Today, Bina launched its commercial product. The platform provides physicians, clinicians, and researchers with a detailed picture of a patient’s health. From there, they can make data-driven diagnoses and prescribe individualized courses of treatment.

“Medicine today is very experimental,” said founder and CEO Narges Bani Asadi in an interview with VentureBeat. “Before, there was a bottle neck to crunch the massive amount of genomic data. At Bina, we have created the fastest, most highly accurate, cost-efficient processing solution available in the market today. The next step is to incorporate this genomic data into medical use. Data-driven, information-based medicine is much more targeted. Personalizing therapies for different diseases means a longer and healthier quality of life for all humans.”

There are thousands of genetic disorders. In 2013, over 580,000 Americans are expected to die of cancer. One in 20 babies born in the U.S. is admitted into the neonatal intensive care unit, and 20 percent of infant deaths result from congenital or chromosomal defects. Technology can be used to curb these terrifying trends. Bina’s role is to bridge the gap between DNA sequencing technology and the diagnosticians and clinicians who can apply it to their practice.

“The study of genomics has largely been a research activity done in medical schools and universities,” said Mark Sutherland, Bina’s senior vice president of business development. “They could only look at a few samples at a time because it was too expensive or complicated to do it at scale. There is a tidal wave of data that has not been manageable or in a format physicians can understand. Now we are seeing an inflection point. Sequencing is a powerful way of looking across a broad spectrum to provide insight into the cause of certain diseases and conduct risk assessments, early detection, or predict the possibility of recurrence. It can also be used to find applicable therapies and customize treatments.”

Asadi said her team had to achieve innovations in every step of genetic processing in order to create a scaleable, marketable, effective solution. Bina’s platform includes a hardware box to collect DNA, advanced software to process the data, and applications to turn the data into actionable form. Whereas before a full genetic analysis took weeks or months and could cost thousands of dollars, Bina turns it around within hours for around $200 a sample.

The technology emerged out of Asadi’s PhD work at Stanford. She collaborated with professors from around the world to apply high performance computing and computer architecture to gain a new understanding of human health and disease. Bina was founded in 2011 by three professors from the University of California at Berkeley and Stanford.

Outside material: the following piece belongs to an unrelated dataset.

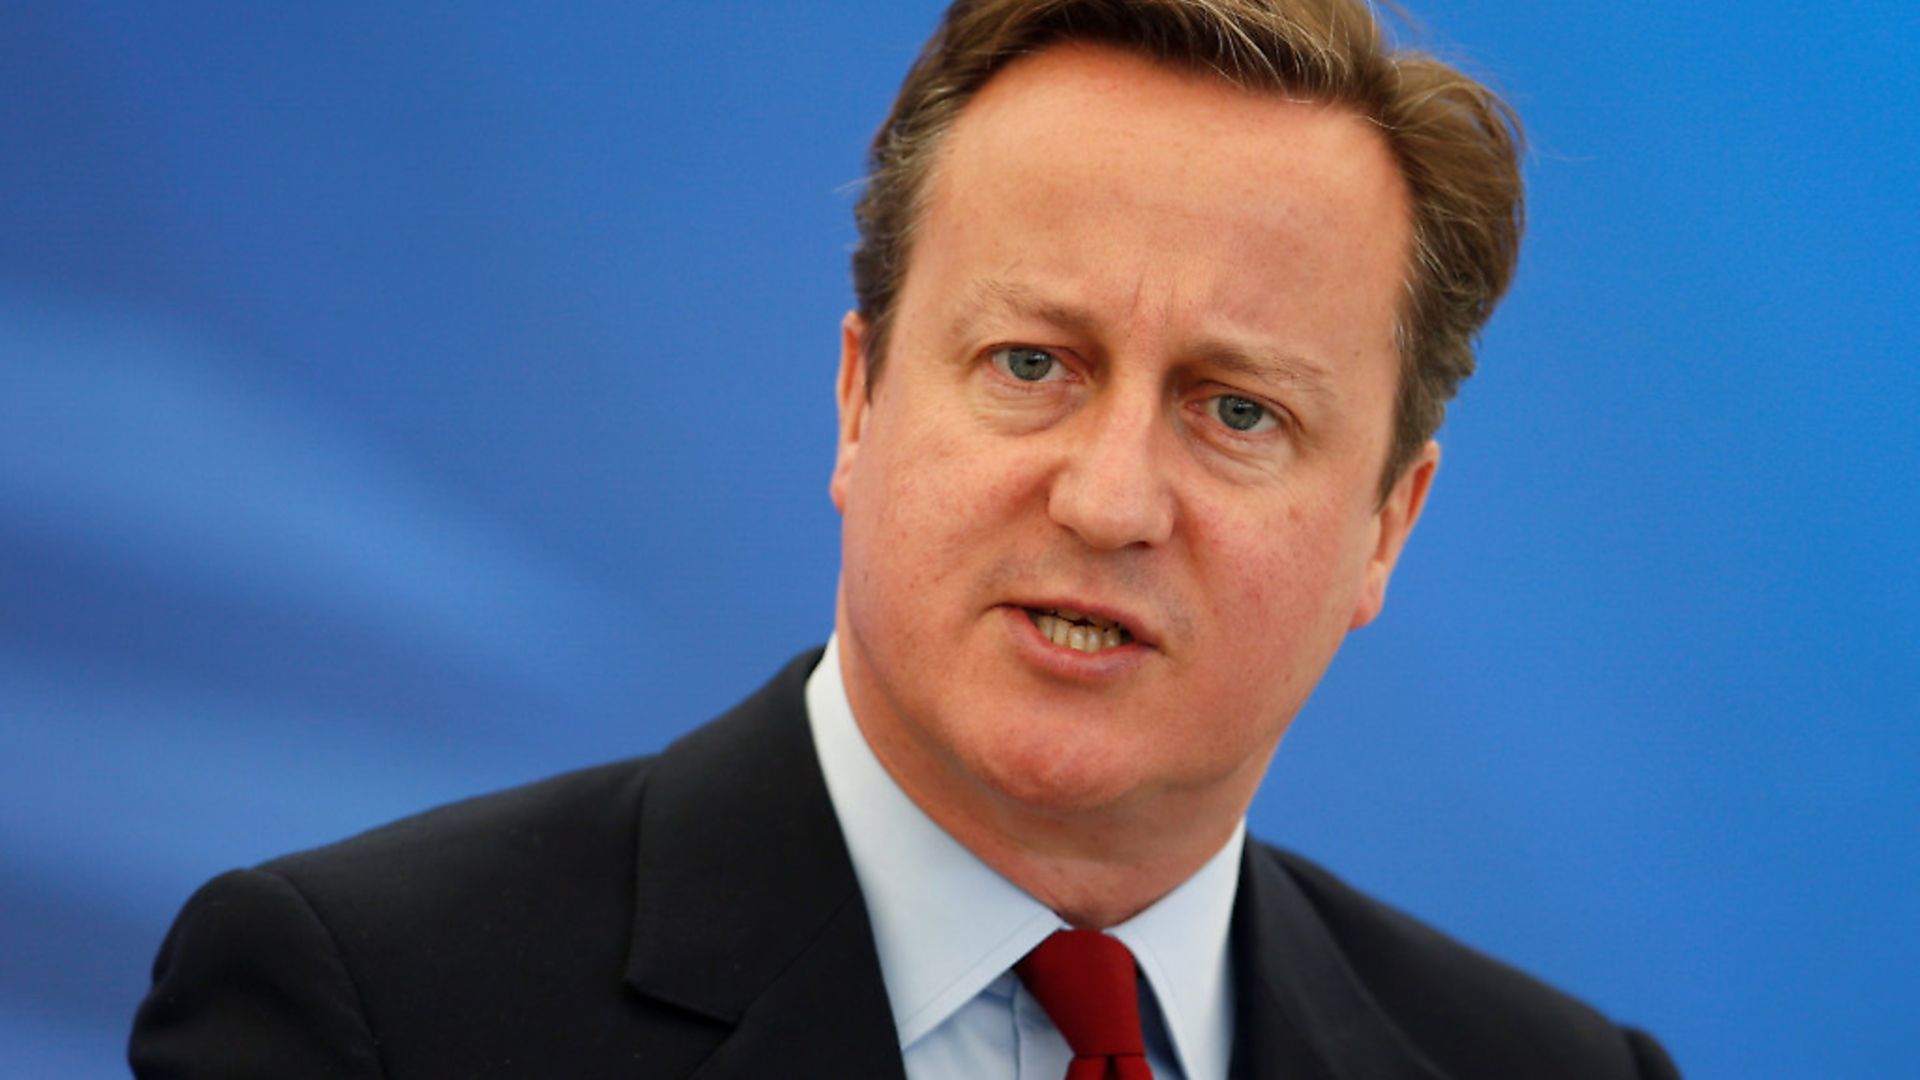 Former British prime minister David Cameron. Picture: Peter Nicholls - WPA Pool /Getty Images - Credit: Getty Images
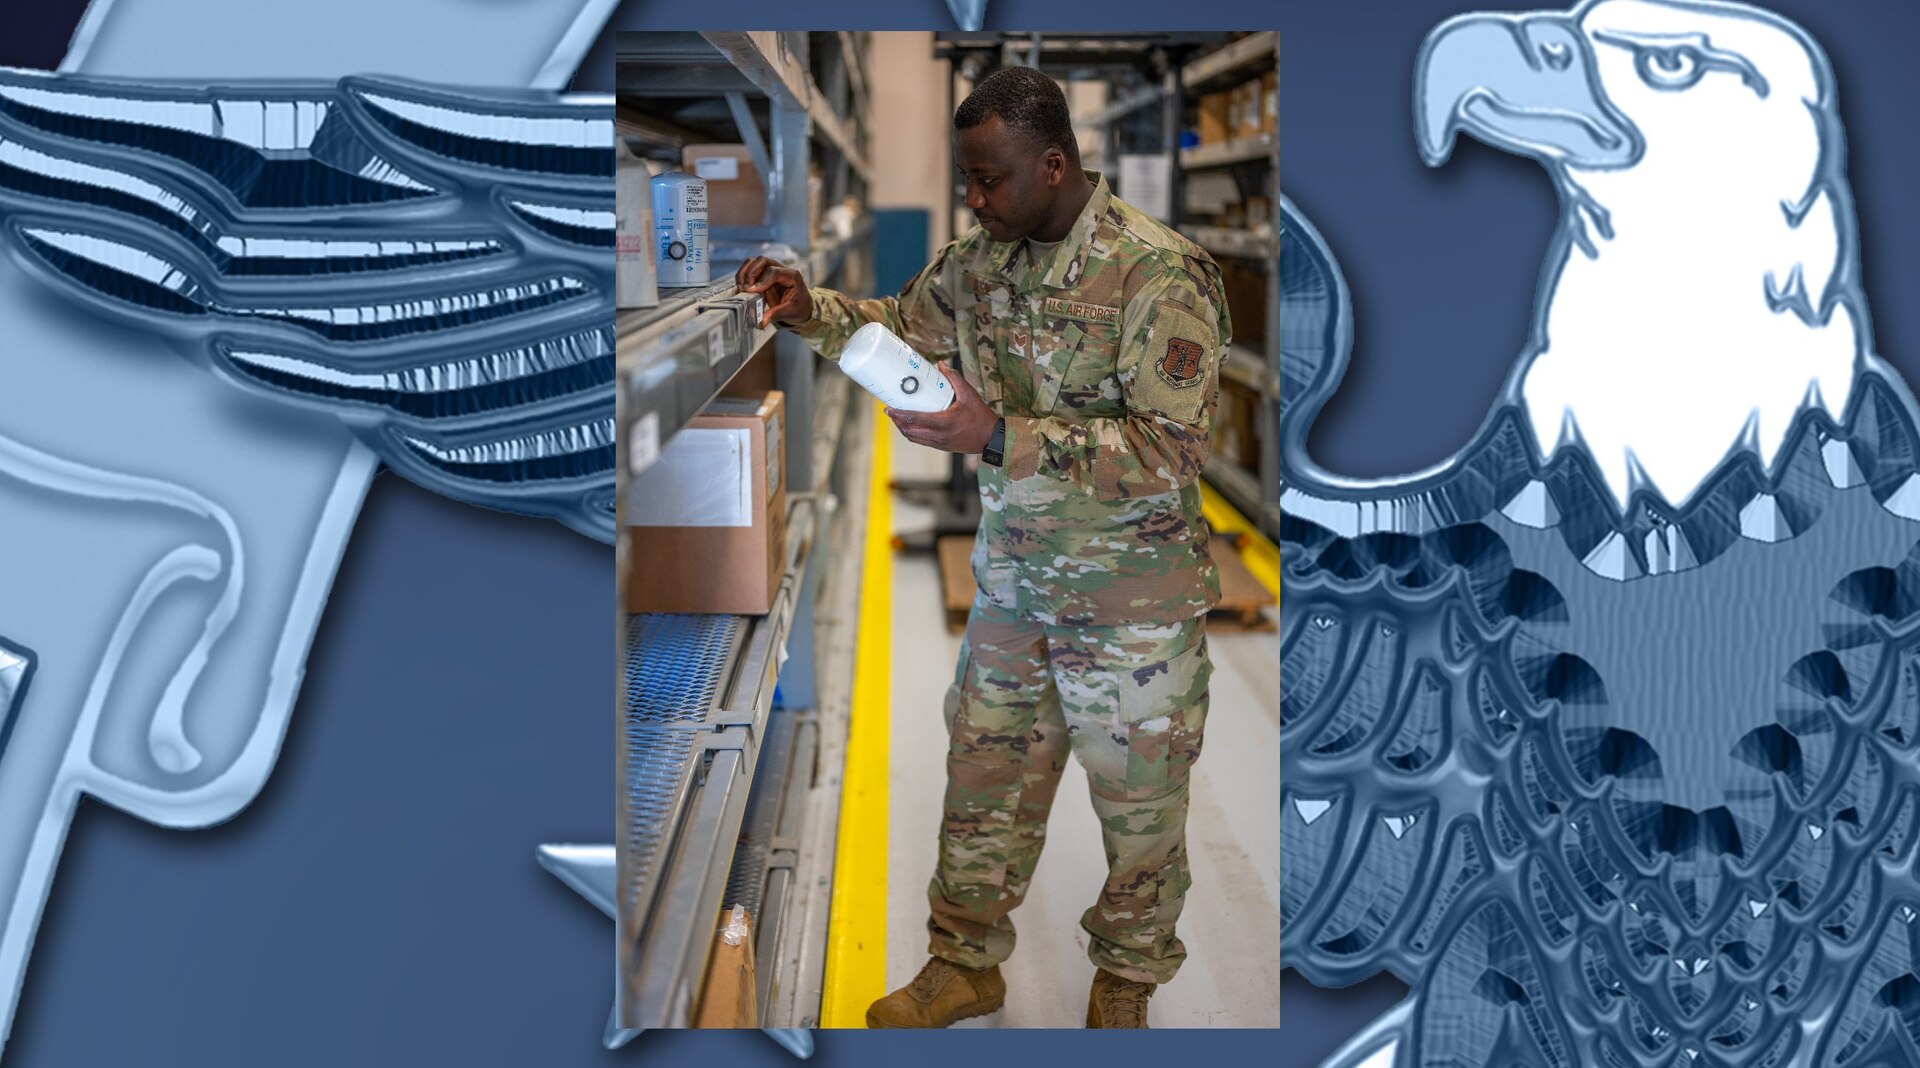 Staff Sergeant Salem Dogbe, Individual Equipment Element, 168th Wing Logistics Readiness Squadron, crosschecks stock numbers on an inventory item at Eielson Air Force Base, Alaska, June 6th, 2021. LRS is tasked with ensuring the Airmen of the 168th Wing, Alaska Air National Guard, are supplied with the equipment and clothing they require for mission success, especially in the arctic environment of Alaska. (U.S. graphic by Michael Hong)

It is backed by venture funding, and pilot customers include the Stanford Genetics Department and Palo Alto Veteran Affairs Hospital.

Startups don’t often set out to cure cancer or prevent infant mortality. However, as technology continues to evolve and along with it, the healthcare industry, a medical system where diagnoses and treatments are based on hard data, where each and every individual is treated  as such, could be on the horizon.

Read a VentureBeat guest post by Dr. Asadi: The personalized medicine revolution is almost here.

[To learn more about the most transformative IT trends hitting health care, including big data, consider coming to HealthBeat, our event for health care executives and decision-makers, on May 20-21 in San Francisco.]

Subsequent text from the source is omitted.